_THE DATA_:
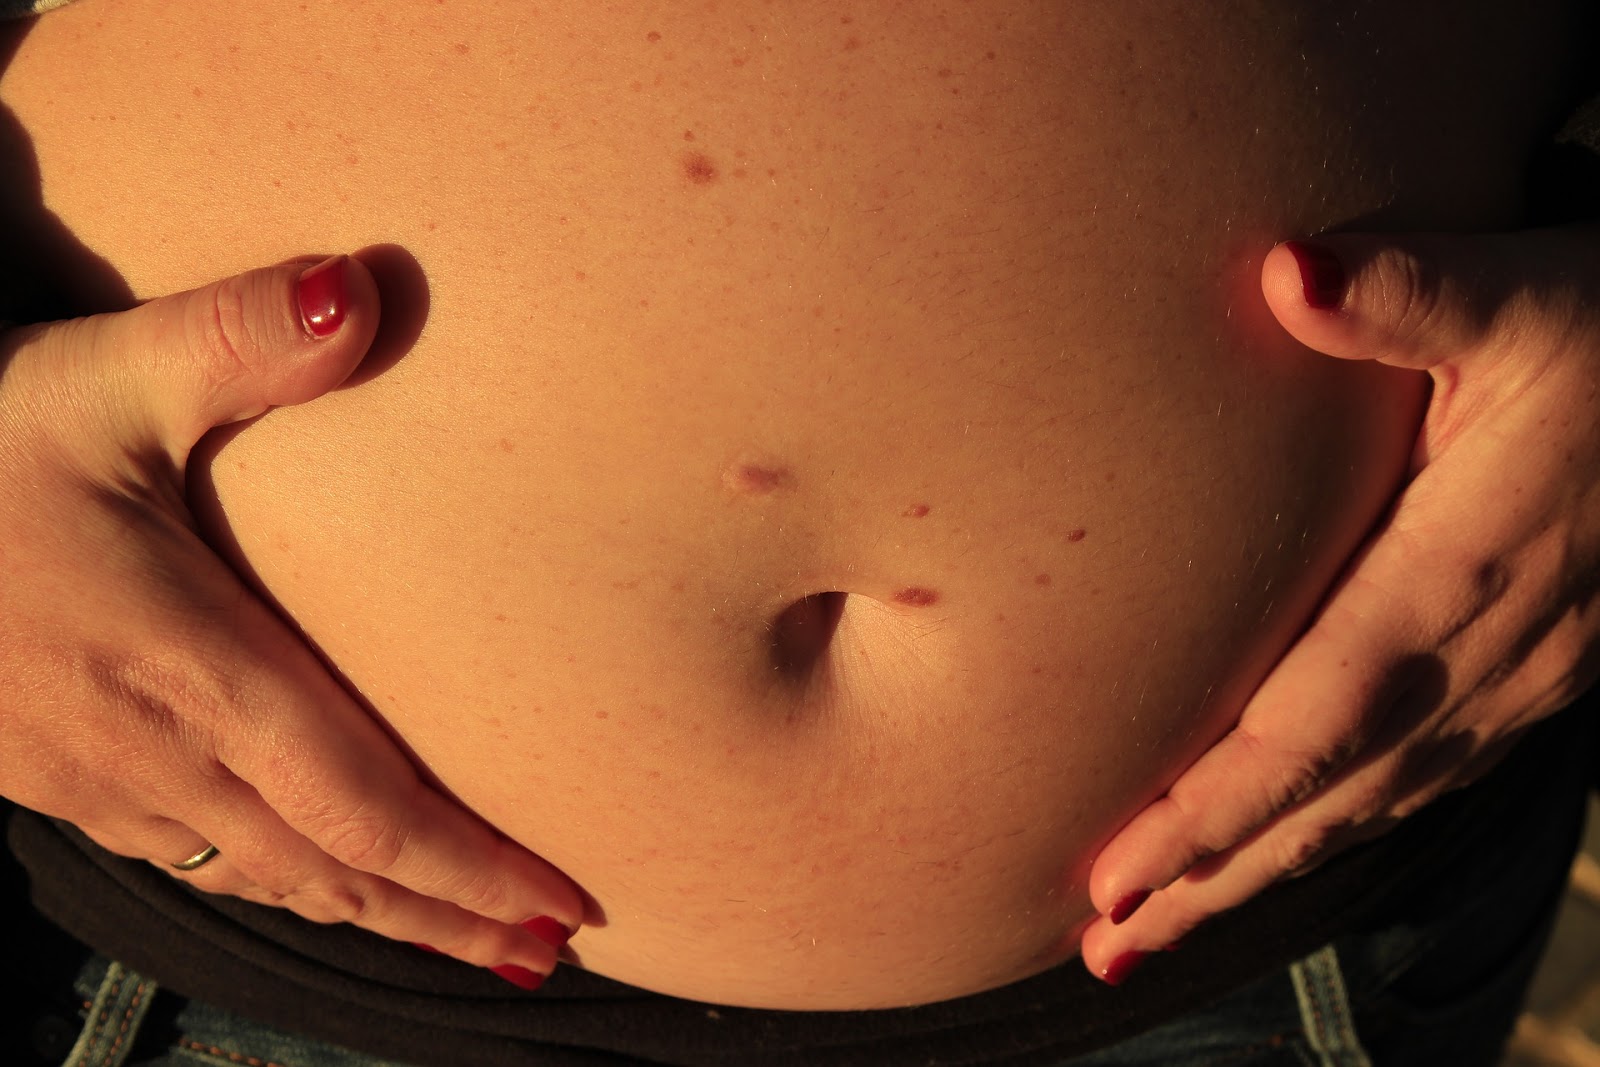 беременность 2 триместр чешется грудь фото 14
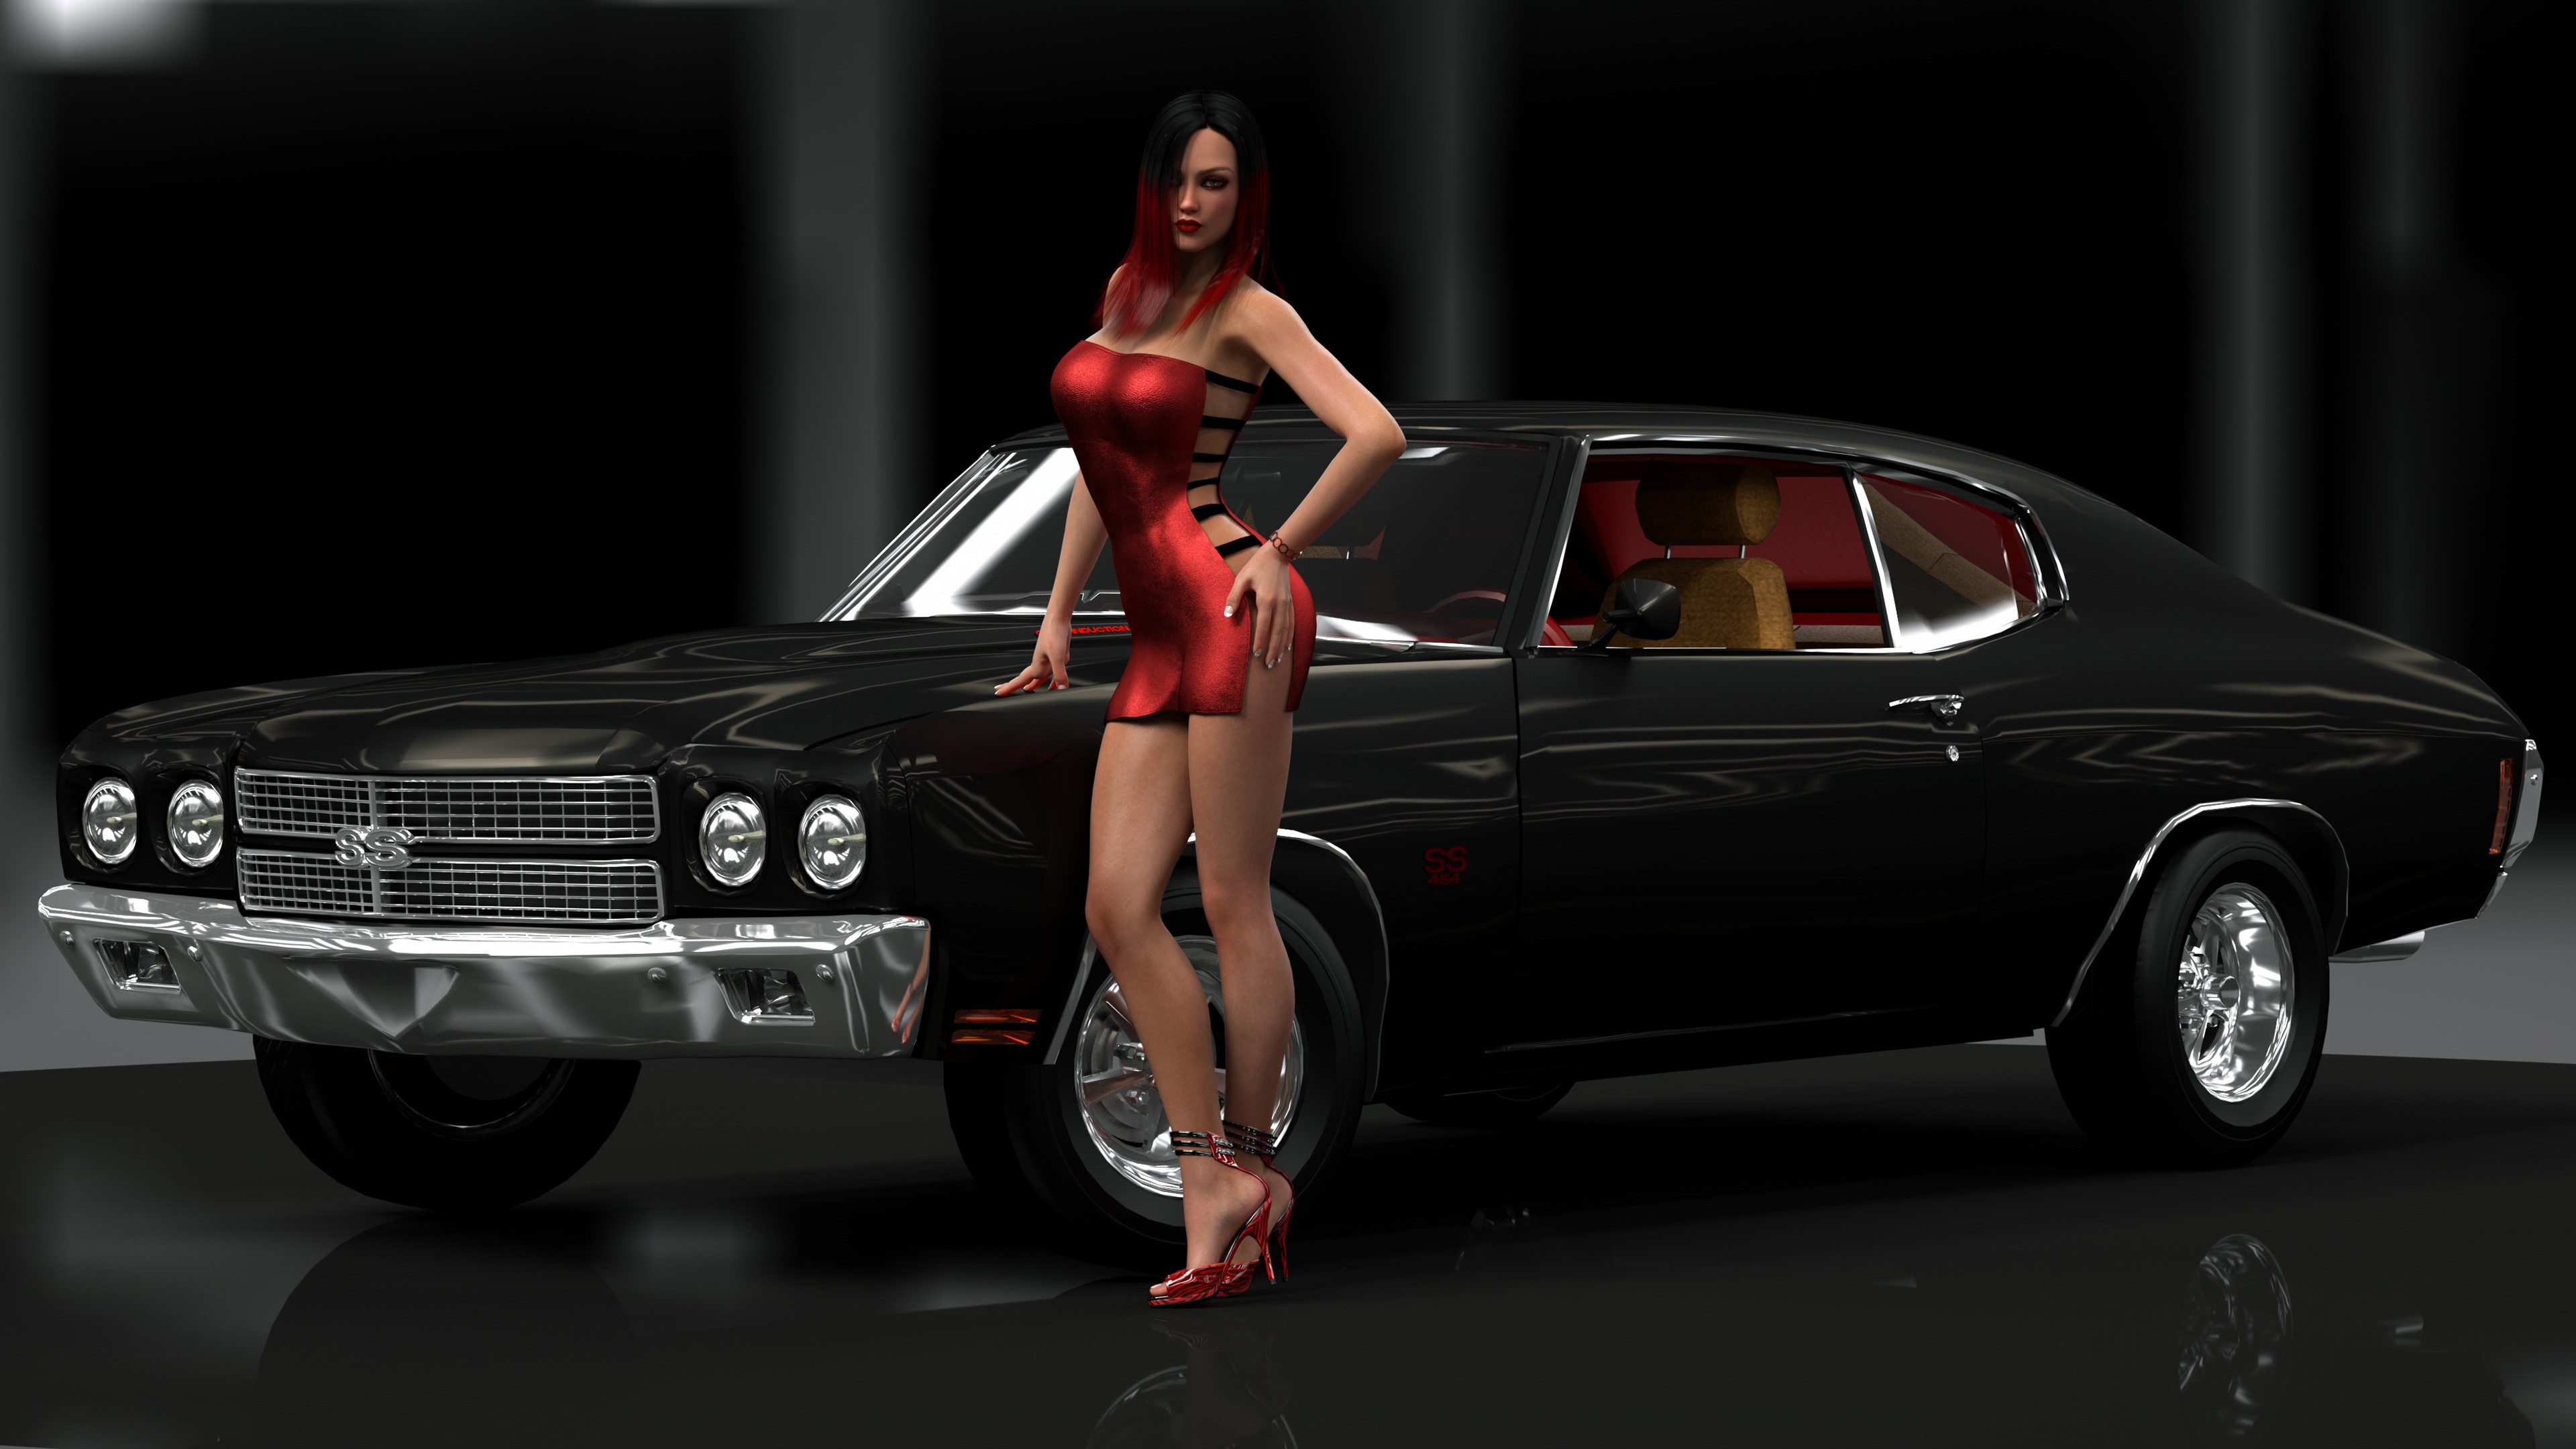 Wallpaper 3d Girl, Red Hair, Skirt, Car - Muscle Car , HD Wallpaper & Backgrounds
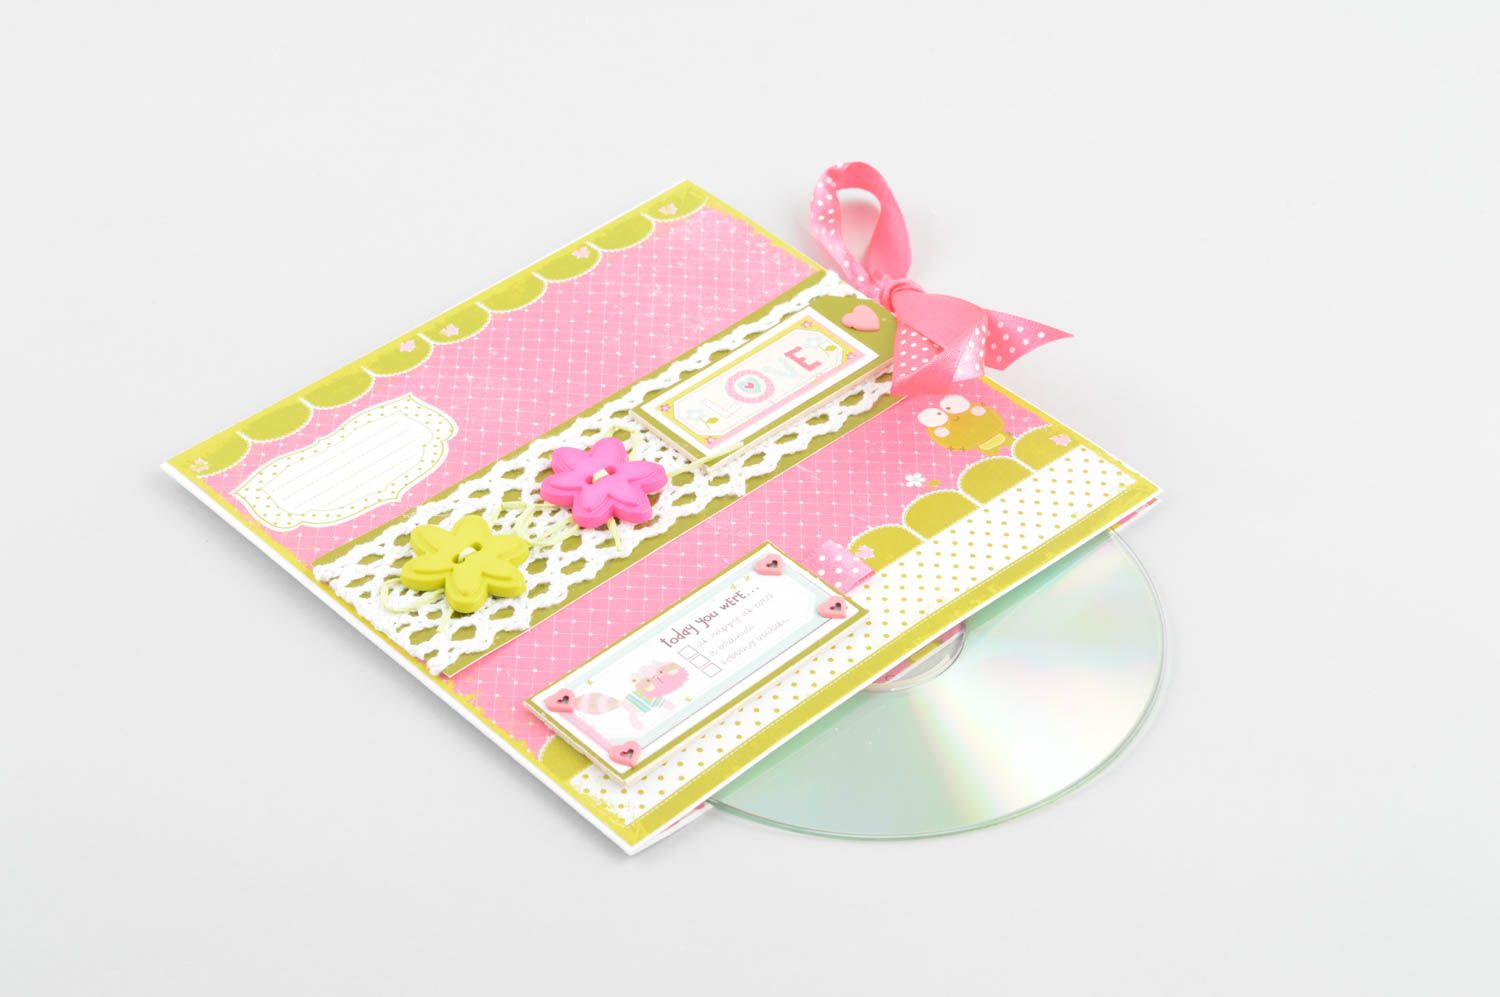 Handmade CD Hülle aus Papier kreatives Geschenk schöne Verpackung rosa foto 2

_AIM OF THE EXERCISE_:
Give back the material word for word and drop the pictures it holds.

_SOLUTION TO THE PROBLEM_:
 беременность 2 триместр чешется грудь фото 14
 Wallpaper 3d Girl, Red Hair, Skirt, Car - Muscle Car , HD Wallpaper & Backgrounds
 Handmade CD Hülle aus Papier kreatives Geschenk schöne Verpackung rosa foto 2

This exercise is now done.